Katanes Wind Wave project development

FPP’s system is based around a semi-submersible structure FPP’s system is based around a semi-submersible structure

The concept of a floating structure that can generate power from both wind and wave energy has moved a step closer with progress on the Katanes Wind Wave project reports Dag Pike.

The Danish company, Floating Power Plant (FPP) has developed and patented a technology platform that includes a floating wind turbine combined with wave power devices. Now the company has established a joint venture with DP Energy to evaluate the potential of two sites, one in Scotland, the other in Wales, and if successful, they could be up and running by 2020.

The companies have decided to proceed to the next stage of the development, having recently completed the Environmental Impact Assessment screening. “We consider Katanes to be a world-leading location for an early-stage development of this technology. This, together with the strengths of the local and national supply chain and the Scottish Government’s commitment to support the offshore energy sector, especially emerging technologies such as floating wind and wave, has led us to this decision,” said Simon De Pietro, the CEO of DP Energy.

The long-term goal of the two companies is to develop a commercial scale project in staged development steps. Floating Power Plant has developed the P80 wind-wave energy platform, which hosts a single wind turbine ranging from 5MW to 8MW and integrates a wave energy device with a capacity between 2MW and 3.6MW, depending on the wave resource. The technology has been proven by two years of offshore, grid-connected testing in Danish waters.

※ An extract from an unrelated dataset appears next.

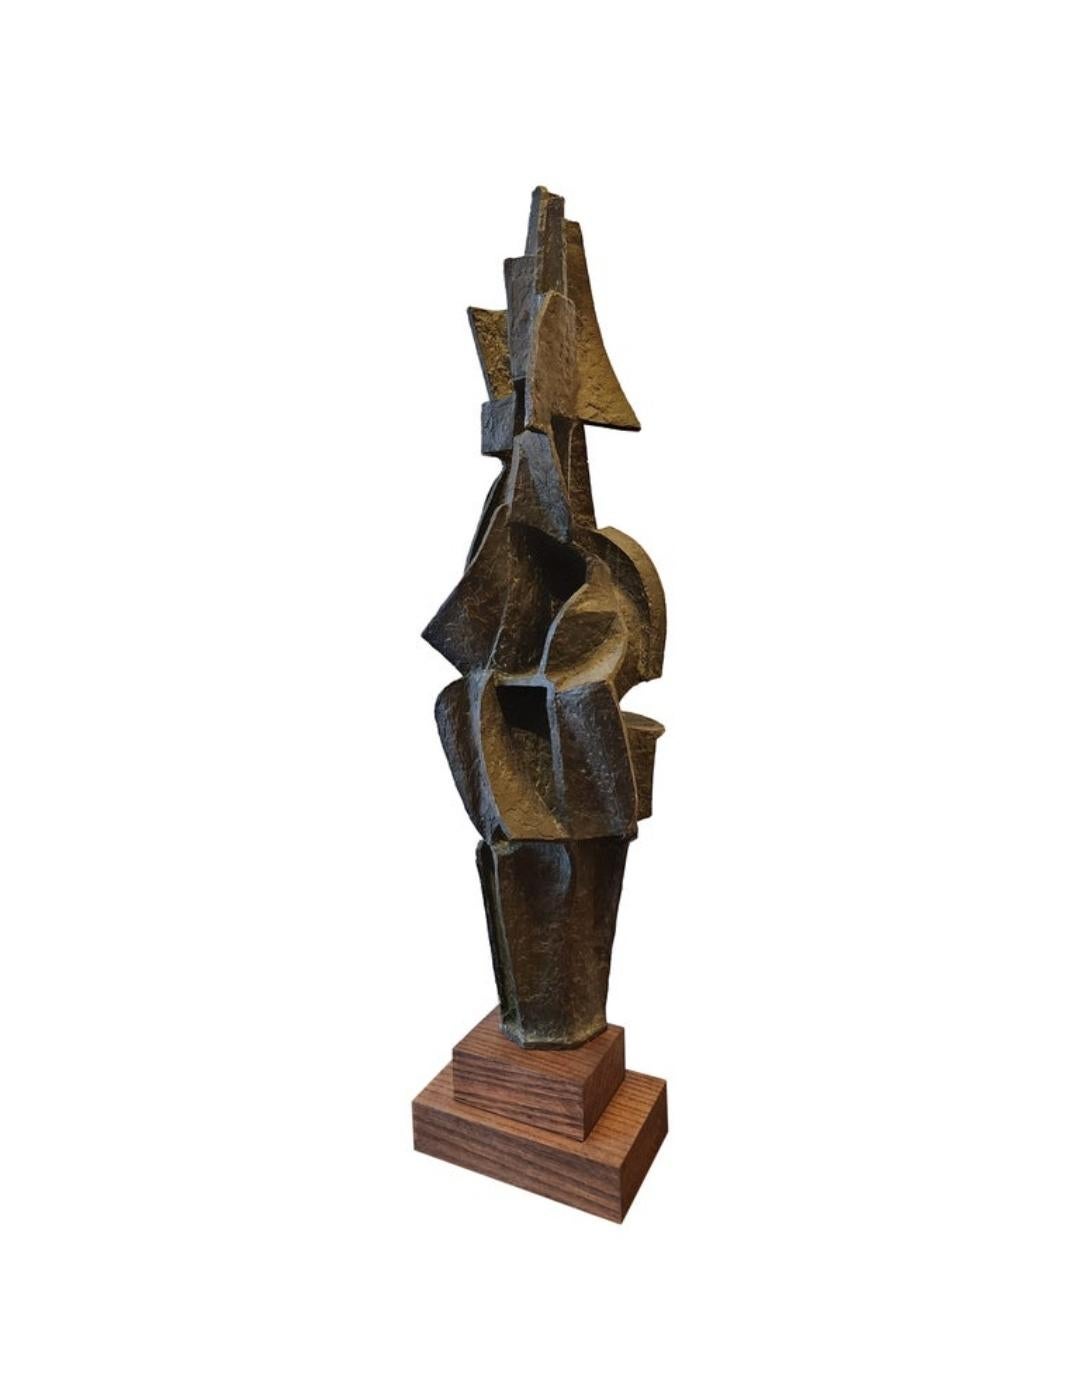 Une magnifique sculpture en bronze, rarement vue, de l'artiste américain Gerald DiGiusto. Créé alors qu'il travaillait en Italie dans les années 1950. 
Gerald DiGiusto est né le 30 juin 1929 à New York, fils d'immigrés italiens et juifs. Il a

FPP’s system is based around a semi-submersible structure which provides a stable platform on which to mount a standard offshore wind turbine generator of between five and eight MW in capacity. In addition, the platform provides a base for four of FPP’s patented wave energy converters which use a uniquely shaped absorber fixed in a channel in the platform, each producing between 500 and 900kW, depending on available wave resources at the project site. This results in between 2 and 3.6MW of wave power, giving a total platform capacity of between 7 and 11.6MW, although it is possible that the platform could support even larger wind turbines.

A bonus is improved accessibility on the lee side with the structure forming a breakwater to give calmer water in the lee for personnel transfer.